在块层/设备上绕过4KB块大小限制 [英] Bypassing 4KB block size limitation on block layer/device

查看:121
本文介绍了在块层/设备上绕过4KB块大小限制的处理方法,对大家解决问题具有一定的参考价值,需要的朋友们下面随着小编来一起学习吧!

问题描述

我们正在开发一种ssd类型的存储硬件设备,该设备可以一次对大于4KB的大块大小(甚至以MB大小为单位)进行读/写请求. 我的理解是linux及其文件系统会将文件砍"成4KB的块大小,并将其传递给块设备驱动程序,这将需要用设备中的数据物理填充该块(例如,用于写操作)

We are developing an ssd-type storage hardware device that can take read/write request for big block size >4KB at a time (even in MBs size). My understanding is that linux and its filesystem will "chop down" files into 4KB block size that will be passed to block device driver, which will need to physically fill the block with data from the device (ex., for write)

我也知道内核页面大小在此限制中起作用,因为它设置为4KB.

I am also aware the kernel page size has a role in this limitation as it is set at 4KB.

对于实验,我想找出是否有一种方法可以实际增加此块的大小,从而节省一些时间(而不是执行多个4KB的写操作,而可以使用更大的块大小来做到这一点).

For experiment, I want to find out if there is a way to actually increase this block size, so that we will save some time (instead of doing multiple 4KB writes, we can do it with bigger block size).

我是否可以查看任何FS或任何现有项目? 如果没有,那么进行此实验需要什么-需要修改linux的哪些部分? 试图找出困难程度和所需资源.或者,如果甚至不可能这样做和/或我们甚至不需要这样做的任何原因.任何评论表示赞赏.

Is there any FS or any existing project that I can take a look for this? If not, what is needed to do this experiment - what parts of linux needs to be modified? Trying to find out the level of difficulties and resource needed. Or, if it is even impossible to do so and/or any reason why we do not even need to do so. Any comment is appreciated.

谢谢.

推荐答案

4k的限制归因于页面缓存.主要问题是,如果页面大小为4k,但块大小为32k,那么如果文件只有2000字节长,会发生什么情况,因此,您仅分配4k页面来覆盖块的前4k.现在有人试图偏移20000,并写入一个字节.现在假设系统承受了很大的内存压力,并且前2000个字节的4k页(干净的)被压出内存了.您如何跟踪32k块的哪些部分包含有效数据,以及当系统需要以偏移量20000写入脏页时会发生什么情况?

The 4k limitation is due to the page cache. The main issue is that if you have a 4k page size, but a 32k block size, what happens if the file is only 2000 bytes long, so you only allocate a 4k page to cover the first 4k of the block. Now someone seeks to offset 20000, and writes a single byte. Now suppose the system is under a lot of memory pressure, and the 4k page for the first 2000 bytes, which is clean, gets pushed out of memory. How do you track which parts of the 32k block contain valid data, and what happens when the system needs to write out the dirty page at offset 20000?

此外,我们假设系统承受着巨大的内存压力,我们需要写出最后一页;如果没有足够的内存来实例化32k块中的其他28k怎么办,那么我们可以执行读取-修改-写入周期,只是以偏移量20000更新一个脏的4k页面吗?

Also, let's assume that the system is under a huge amount of memory pressure, we need to write out that last page; what if there isn't enough memory available to instantiante the other 28k of the 32k block, so we can do the read-modify-write cycle just to update that one dirty 4k page at offset 20000?

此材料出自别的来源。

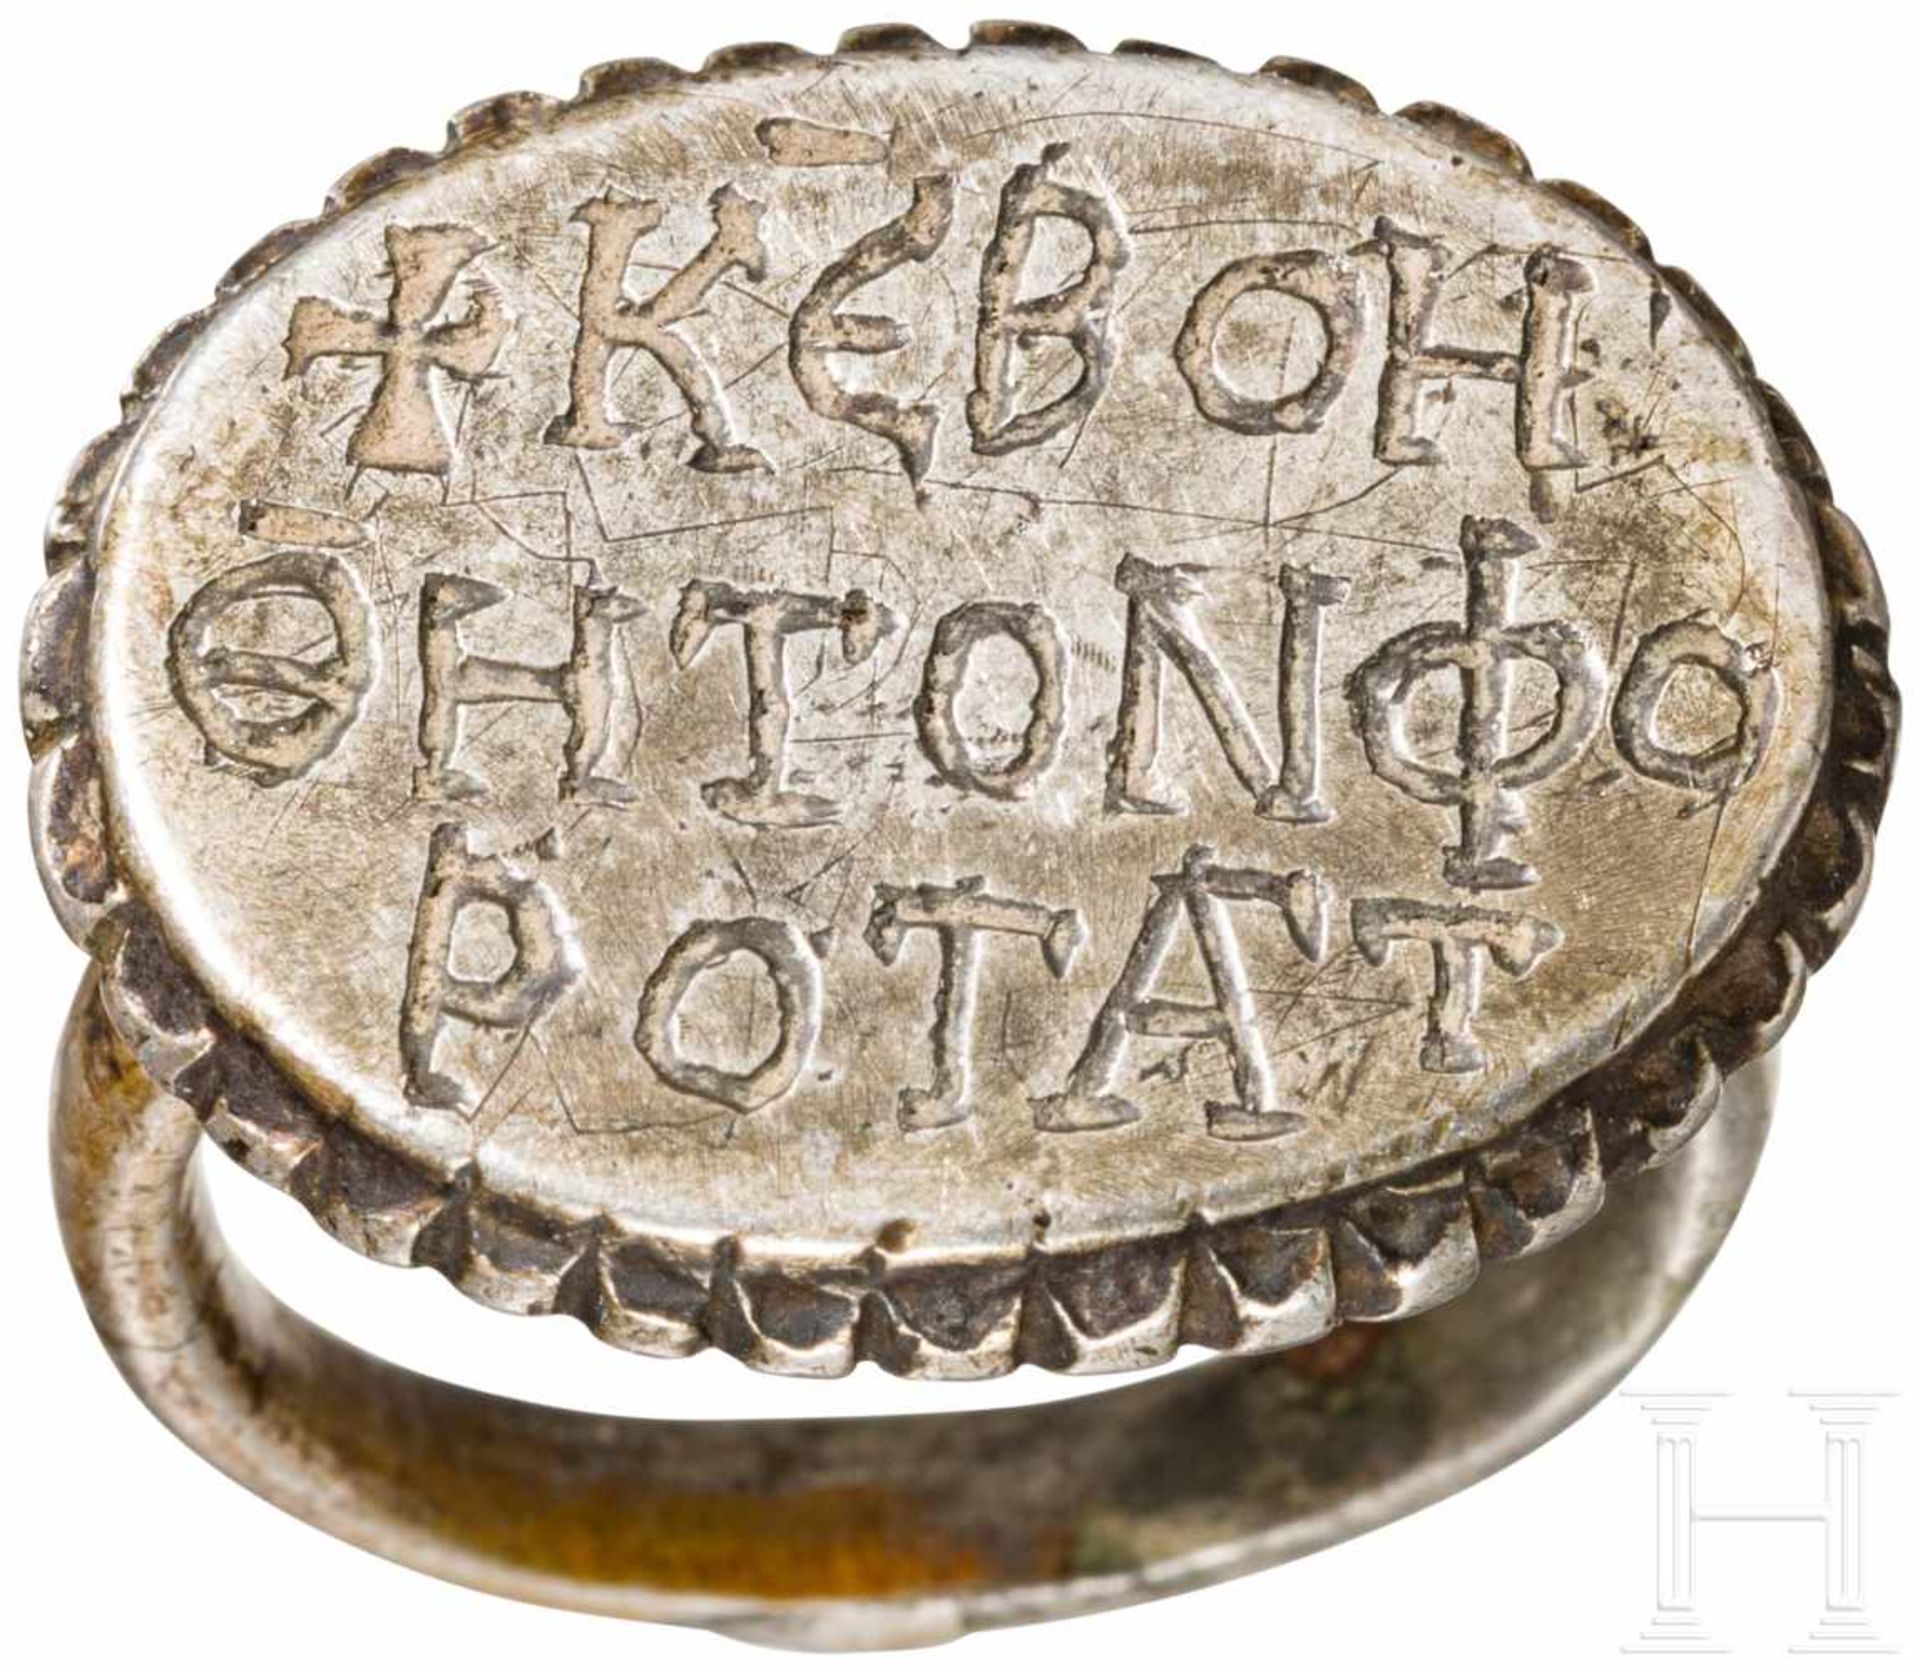 Silberring mit griechischer Inschrift, mittelbyzantinisch, 9. - 11. Jhdt.Silberner Fingerring mit

这些问题都可以解决,但是在VM层需要大量的手术. VM层将需要知道,对于此文件系统,页面需要一次以8页为一个块进行实例化,并且如果存在将特定页面推出的内存压力,则需要全部8页写出如果脏了,则同时打印,然后同时从页面缓存中删除所有8个页面.所有这些都意味着您不希望在4k页面级别上而是在复合32k页面/块"级别上跟踪页面使用情况和页面肮脏程度.基本上,它将涉及到VM子系统的几乎每个部分的更改,从页面清理器到页面错误处理程序,页面扫描程序,写回算法等,等等.

These problems can all be solved, but it would require a lot of surgery in the VM layer. The VM layer would need to know that for this file system, pages need to be instantiated in chunks of 8 pages at a time, and if that there is memory pressure to push out a particular page, you need write out all of the 8 pages at the same time if it is dirty, and then drop all 8 pages from the page cache at the same time. All of this implies that you want to track page usage and page dirty not at the 4k page level, but at the compound 32k page/"block" level. It basically will involve changes to almost every single part of the VM subsystem, from the page cleaner, to the page fault handler, the page scanner, the writeback algorithms, etc., etc., etc.

还要考虑,即使您确实雇用了Linux VM专家来完成这项工作(HDD供应商也会深切希望您这样做,因为他们还希望能够以32k或64k物理扇区大小来部署HDD) ,这样经过修改的VM层要出现在Red Hat Enterprise Linux内核或SuSE或Ubuntu的等效企业或LTS内核中,还需要5到7年的时间.因此,如果您在一家希望将您的SSD产品推向企业市场的初创公司工作,那么您现在最好还是放弃这种方法.没钱了就没用.

Also consider that even if you did hire a Linux VM expert to do this work, (which the HDD vendors would deeply love you for, since they also want to be able to deploy HDD's with a 32k or 64k physical sector size), it will be 5-7 years before such a modified VM layer would make its appearance in a Red Hat Enterprise Linux kernel, or the equivalent enterprise or LTS kernel for SuSE or Ubuntu. So if you are working at a startup who is hoping to sell your SSD product into the enterprise market --- you might as well give up now with this approach. It's just not going to work before you run out of money.

现在,如果您碰巧正在一家自己制造硬件的大型Cloud公司工作(例如Facebook,Amazon,Google等),那么您可能会走这条路,因为他们不使用企业内核可以轻松地添加新功能---出于这个原因,他们希望相对靠近上游内核,以最大程度地降低维护成本.

Now, if you happen to be working for a large Cloud company who is making their own hardware (ala Facebook, Amazon, Google, etc.) maybe you could go down this particular path, since they don't use enterprise kernels that add new features at a glacial pace --- but for that reason, they want to stick relatively close to the upstream kernel to minimize their maintenance cost.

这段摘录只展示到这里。